Change torture bill, CoE tells Italy

Not in line with international standards

(ANSA) - Strasbourg, June 21 - The Lower House must change a bill against torture to bring it into line with international standards, Council of Europe (CoE) Human Rights Commissioner Nils Miuznieks said in a letter to parliamentary Speakers Laura Boldrini (House) and Pietro Grasso (Senate) Wednesday. Miuznieks voiced concern about the "profound differences" between the definition of torture ion the bill and that contained in various international treaties ratified by Italy, especially the UN's Convention against Torture.
    The Senate approved the controversial bill introducing the crime of torture last month.
    Italy is required to introduce the crime of torture under the terms of the 1984 UN Convention against Torture and Other Cruel, Inhuman or Degrading Treatment, which was ratified by the Italian parliament in 1988.
    In March the CoE urged Italy to swiftly introduce the crimes of torture and degrading treatment, ensuring they are properly sanctioned and culprits can no longer get off.
    Voicing "concern", the CoE's council of ministers said measures taken by Italy to comply with an April 2015 European Court of Human Rights (ECHR) ruling on the infamous police night raid on sleeping quarters of demonstrators at the 2001 Group of Eight summit were "insufficient".

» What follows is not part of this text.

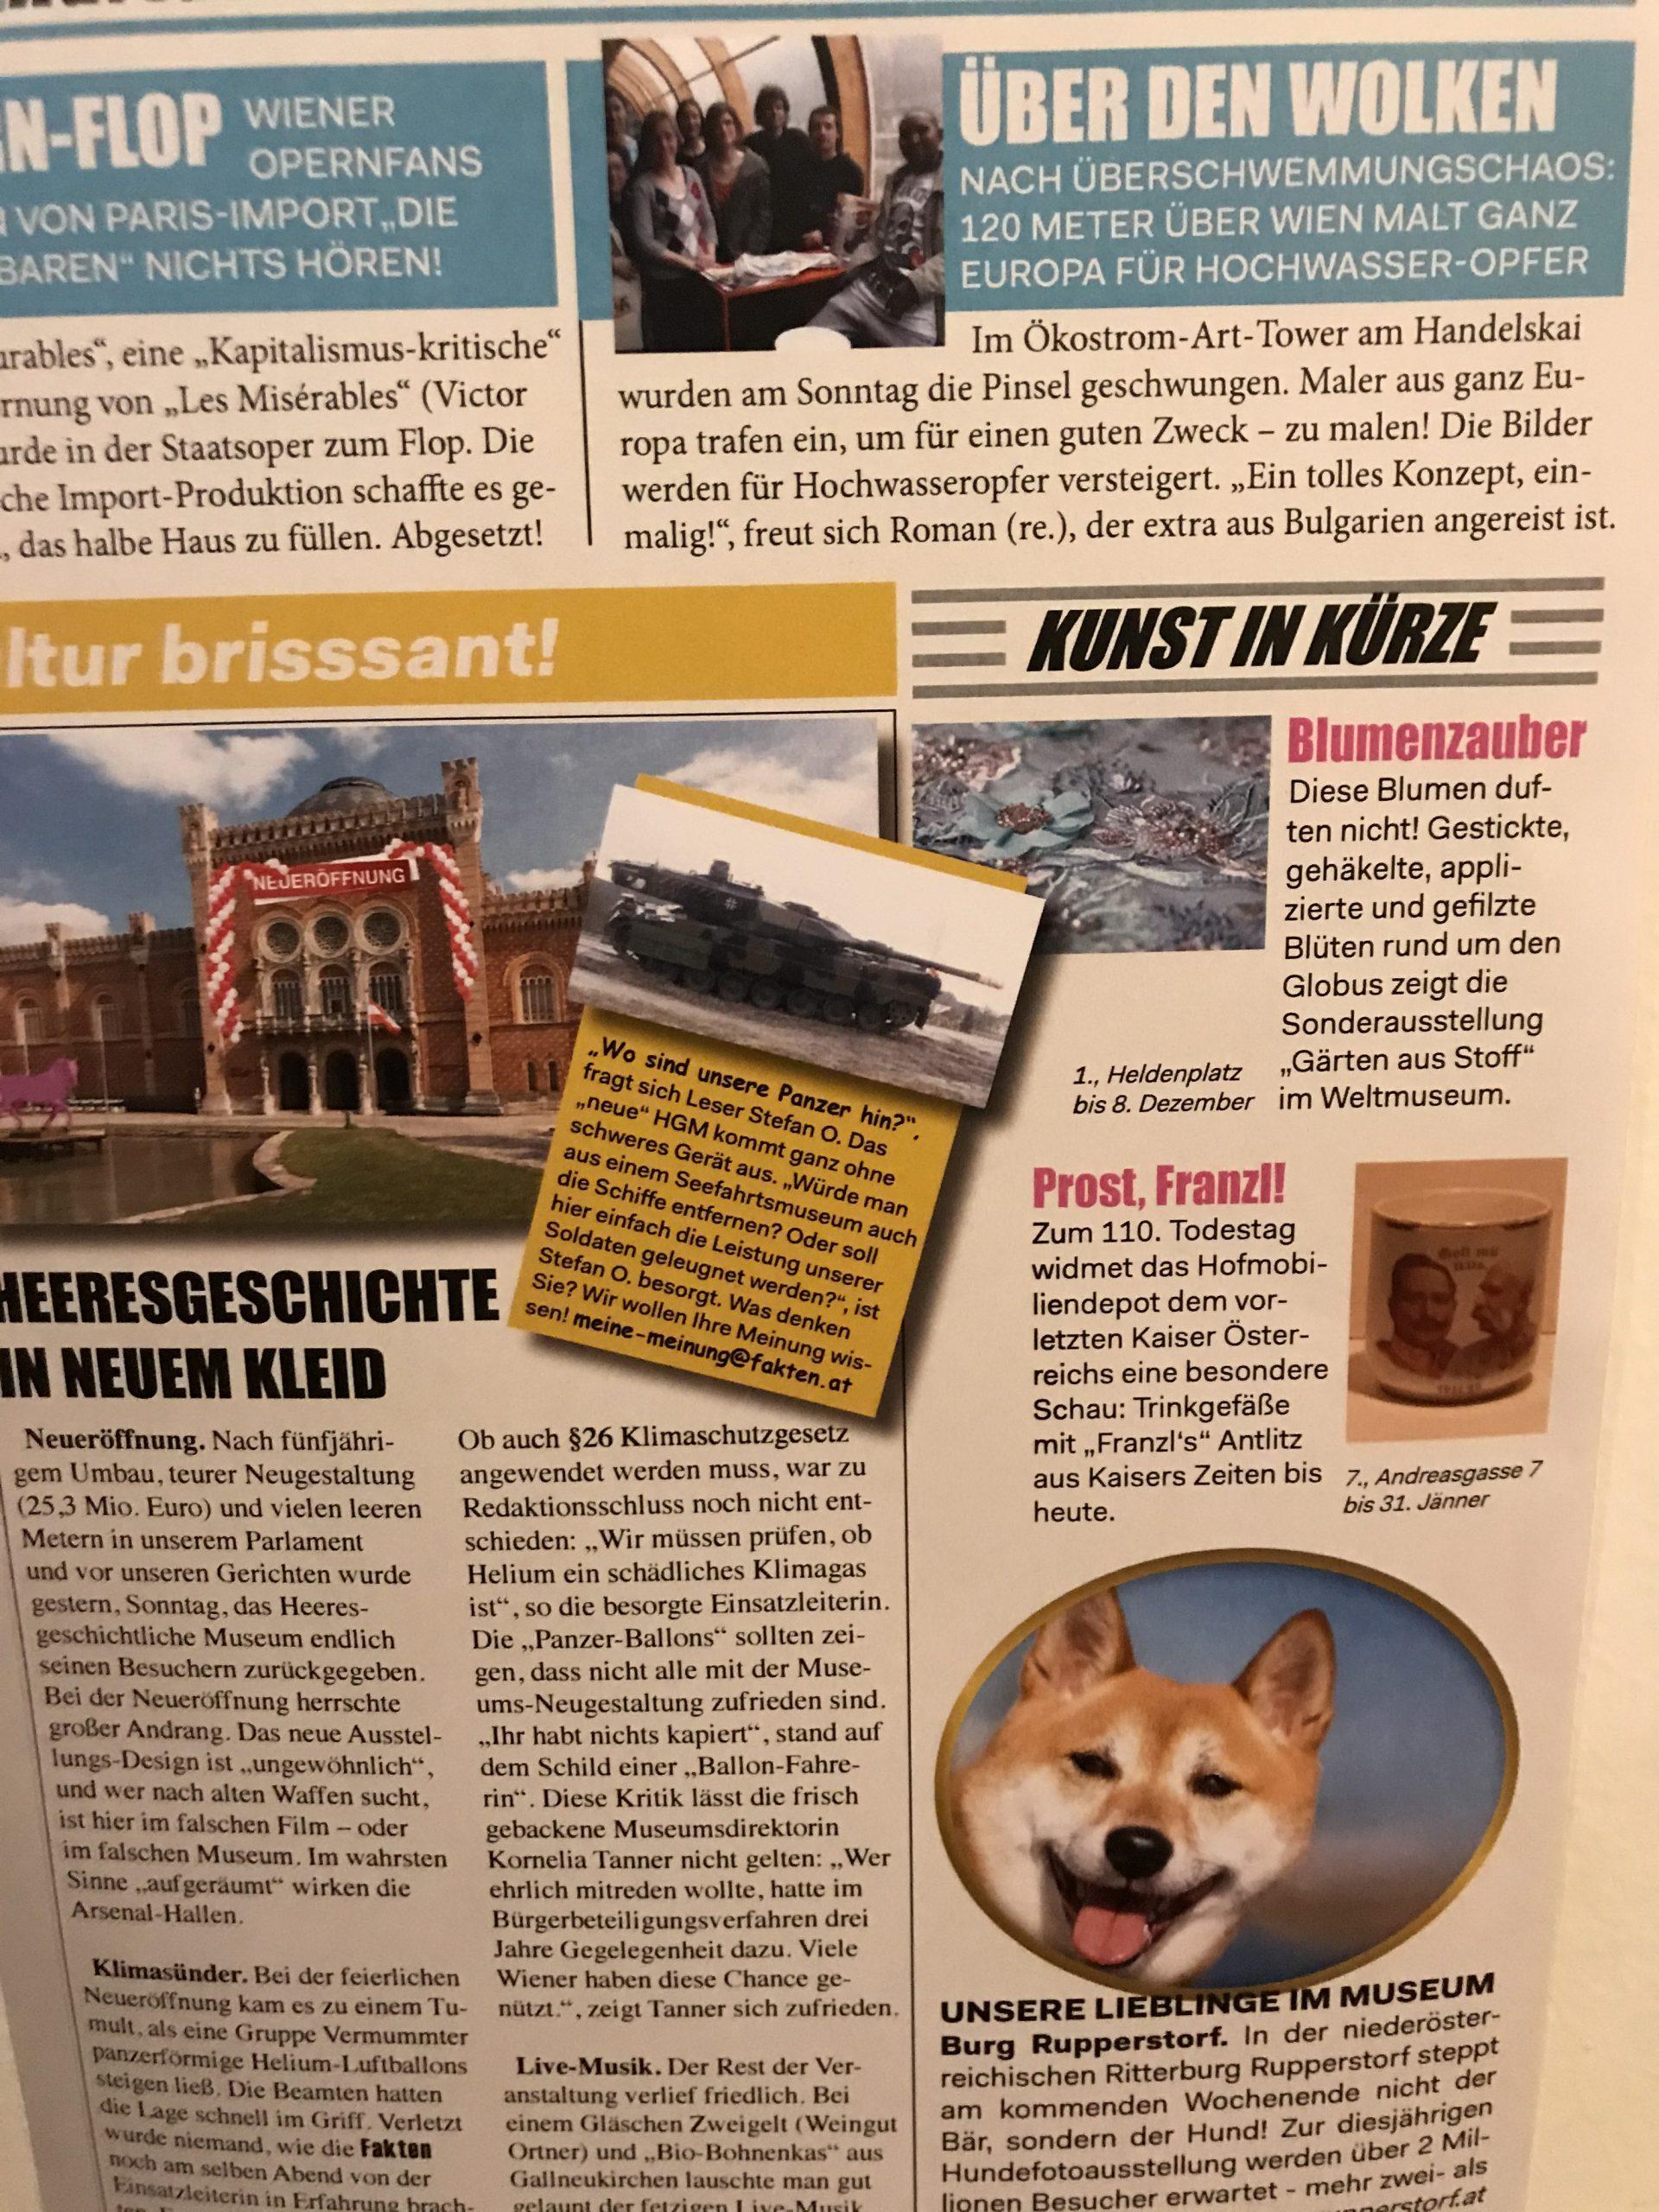 Objekt Ausstellung #HGMneudenken: fiktive Zeitung
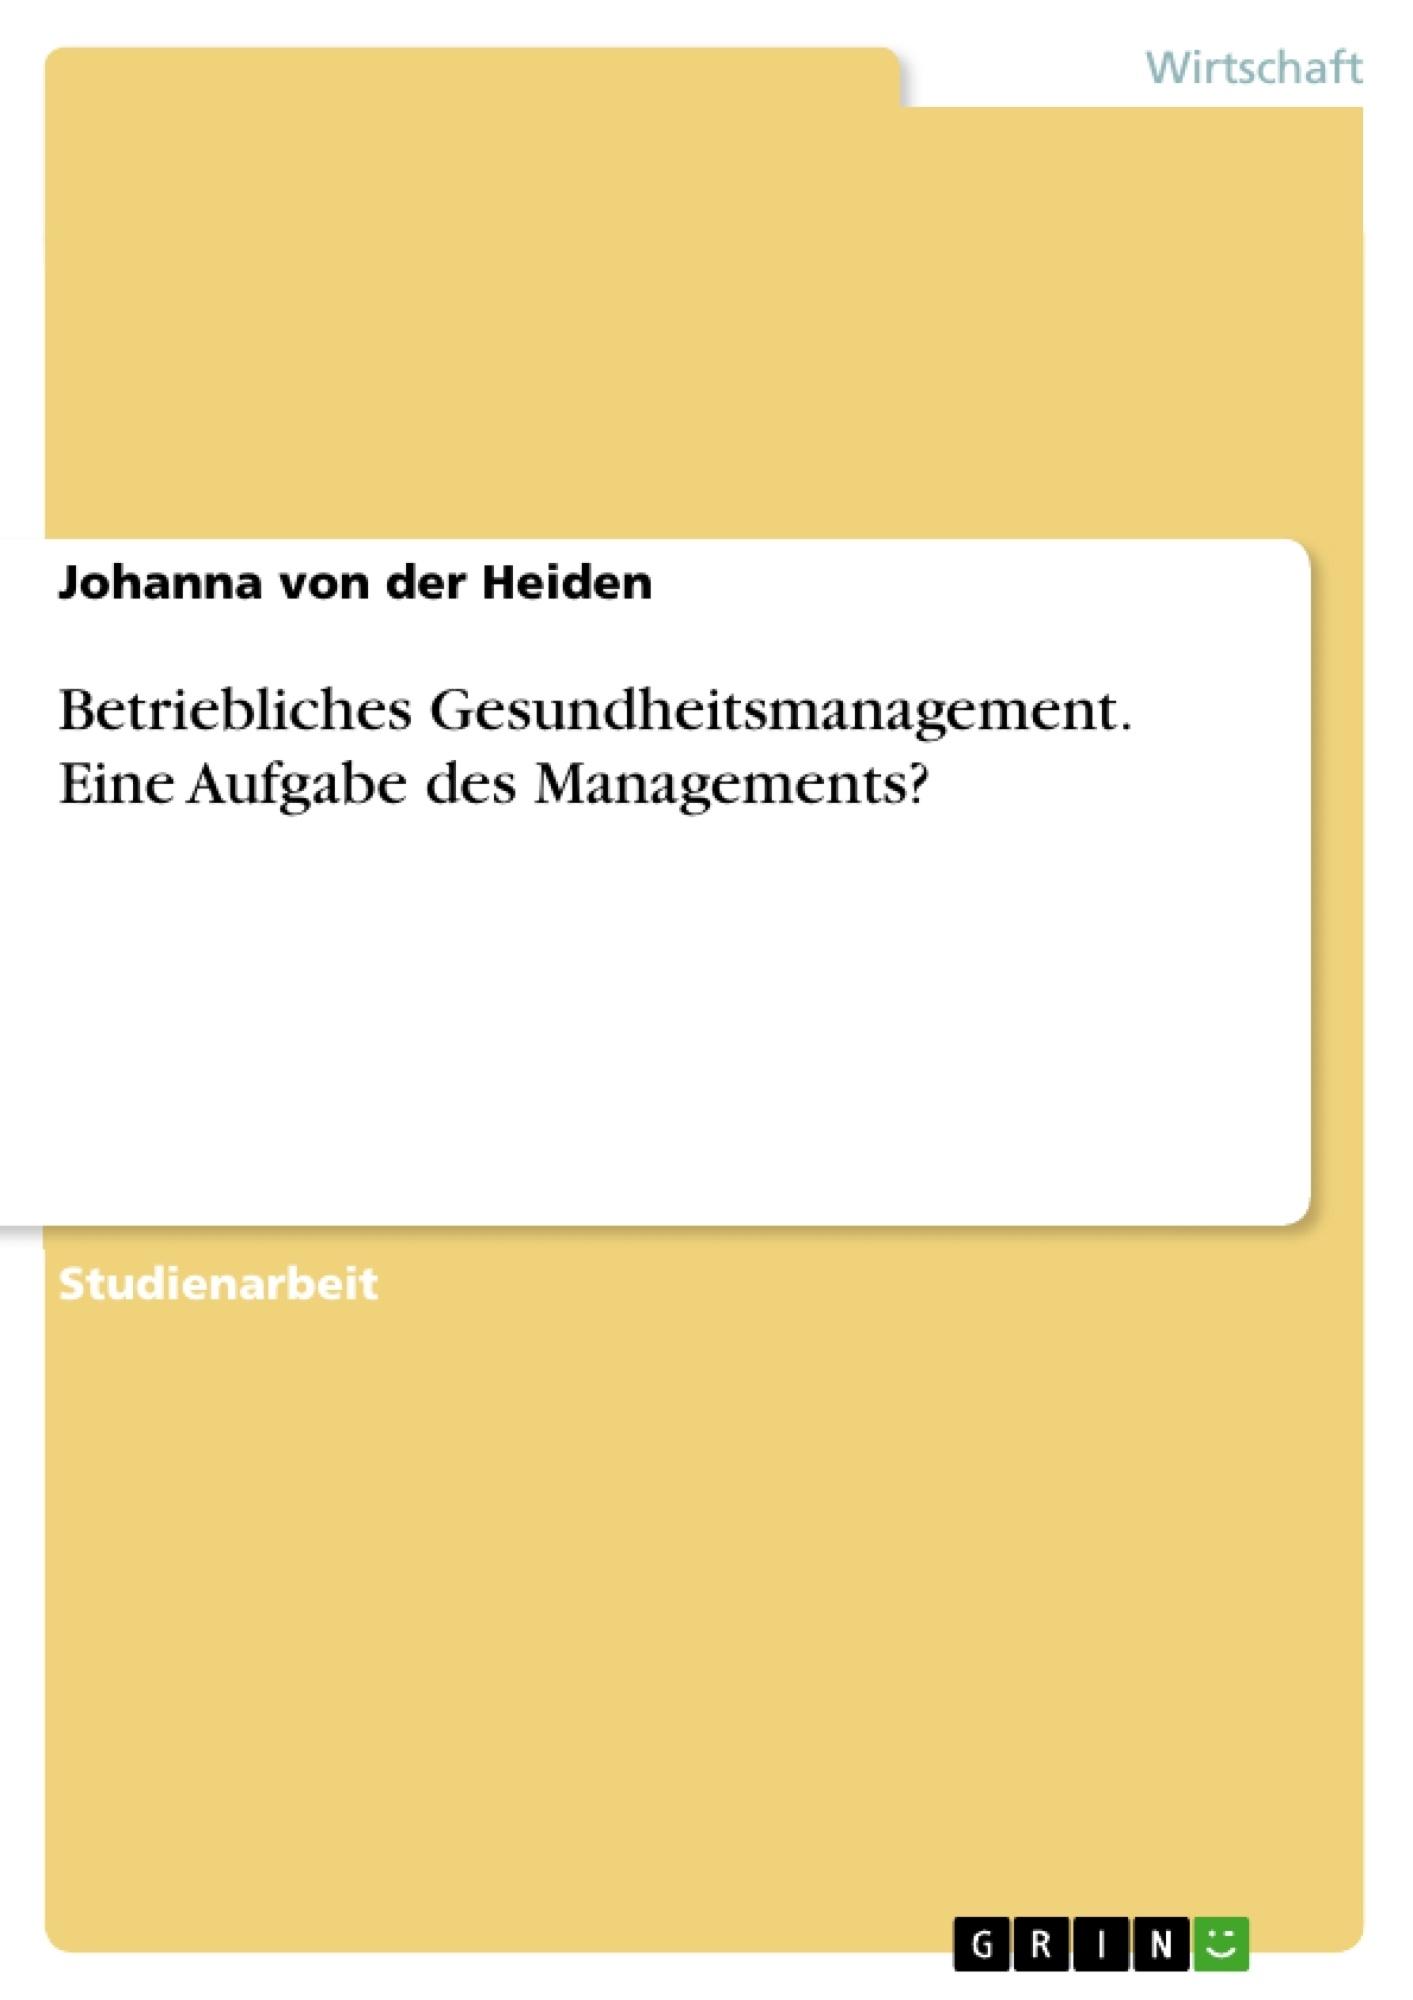 Titel: Betriebliches Gesundheitsmanagement. Eine Aufgabe des Managements?

    Politicians and activists urged the government to act.
    "It's scandalous that Italy should obstruct all international bodies and it's scandalous that our country does not envisage that torture, a crime against humanity, is a crime," said Patrizio Gonnella, chair of the prisoners' rights group Antigone.
    On April 7, 2015 the ECHR condemned Italy and called for legislative changes after "torture" during a police raid in July 2001 on anti-globalization protestors camping out at the Diaz school during the Genoa G8 summit.
    The court condemned Italy not only for what happened to the demonstrators, but also because it said the country lacks appropriate legislation to punish the crime of torture even though it ratified a UN convention on torture in 1988.
    The government said in response that an anti-torture bill mandating sentences of up to 12 years now before the Lower House would be sped up.
    The Diaz raid is perhaps Italy's most notorious case of police brutality. In the night assault on the Diaz school, hundreds of police attacked about 100 activists and a few journalists, wounding 82 and seriously injuring 61 - three critically and one, British journalist Mark Covell, left in a coma with rib and spinal injuries. Officers planted evidence including two Molotov cocktails and hammers and knives from a nearby construction site to justify the raid.
    Amnesty International called the event "the most serious suspension of democratic rights in a Western country since the Second World War".
    In its ruling in April 2015, the ECHR upheld a complaint from a 62-year-old Italian, Arnaldo Cestaro, who was brutally beaten that night and still suffers from the injuries he sustained.
    It noted that none of the officers who actually inflicted the beatings are serving jail time because of the statute of limitations, and urged Italy to rectify this.
    In reaction after that sentence, ruling Democratic Party (PD) chair Matteo Orfini said it is "shameful" that Gianni De Gennaro was now president of State-controlled defence giant Finmeccanica, recently renamed Leonardo, because he was national police chief during the scandal-hit Genoa G8 summit.
    De Gennaro, appointed head of Finmeccanica in July 2013, ordered the raid on demonstrators but was not punished by the courts.
    He was the only ranking officer to escape nominal punishment.